I hoped he forgave me for that . . . if he ever found out. Which he probably would . . . eventually. Izuki was a pretty sharp guy, but I’d cross that bridge when I came to it. Right now, I needed all the information I could get.

“Good hunting, old friend,” I said as the ninja descended through the darkened city on a zip line. “I’m going to have to rely on my conventional means of transportation.”

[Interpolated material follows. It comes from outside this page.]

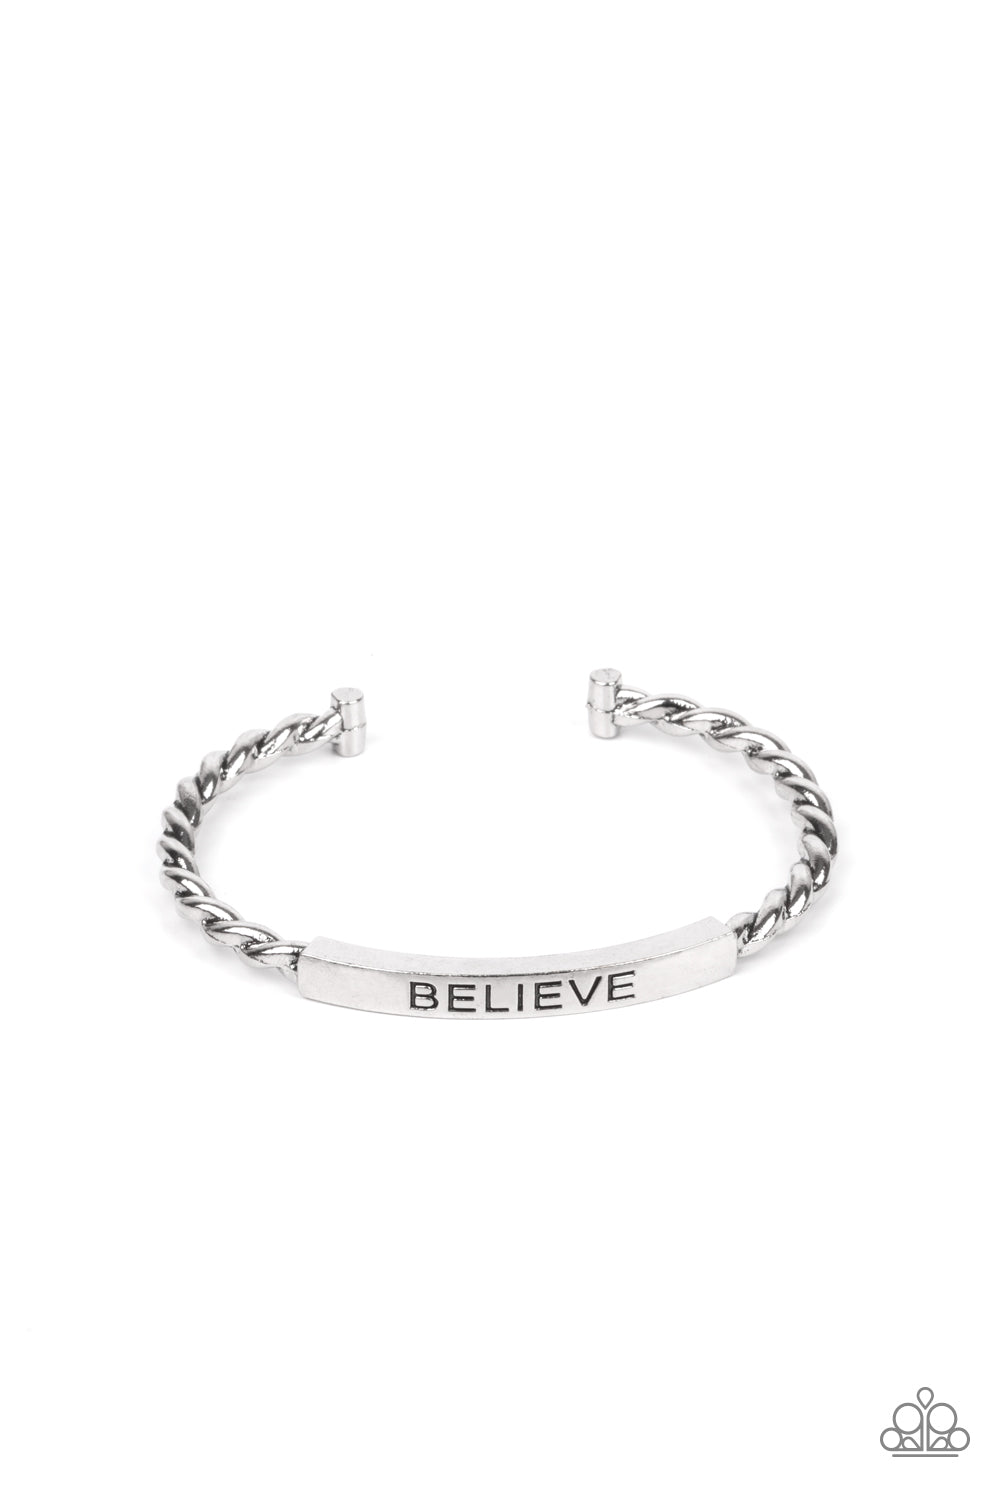 Keep Calm and Believe - Silver - Bracelets - Paparazzi Accessories

Not long after he left, the rain started to pour. It was just perfect. I could fend off any Super, but do you think I bothered to bring an umbrella? I moved down the street, the cold city rain pelting my skin. My car, a rusted beat-up sedan at the end of the street, waited for me. I opened the door, but just as I found sanctuary from the rain, I saw a shadowy figure waiting for me in the backseat. I clenched the steering wheel with one hand while reaching for the gun in my pocket, but the figure was too fast. That or I was too slow.

Either way, whatever was in my backseat had me dead to rights.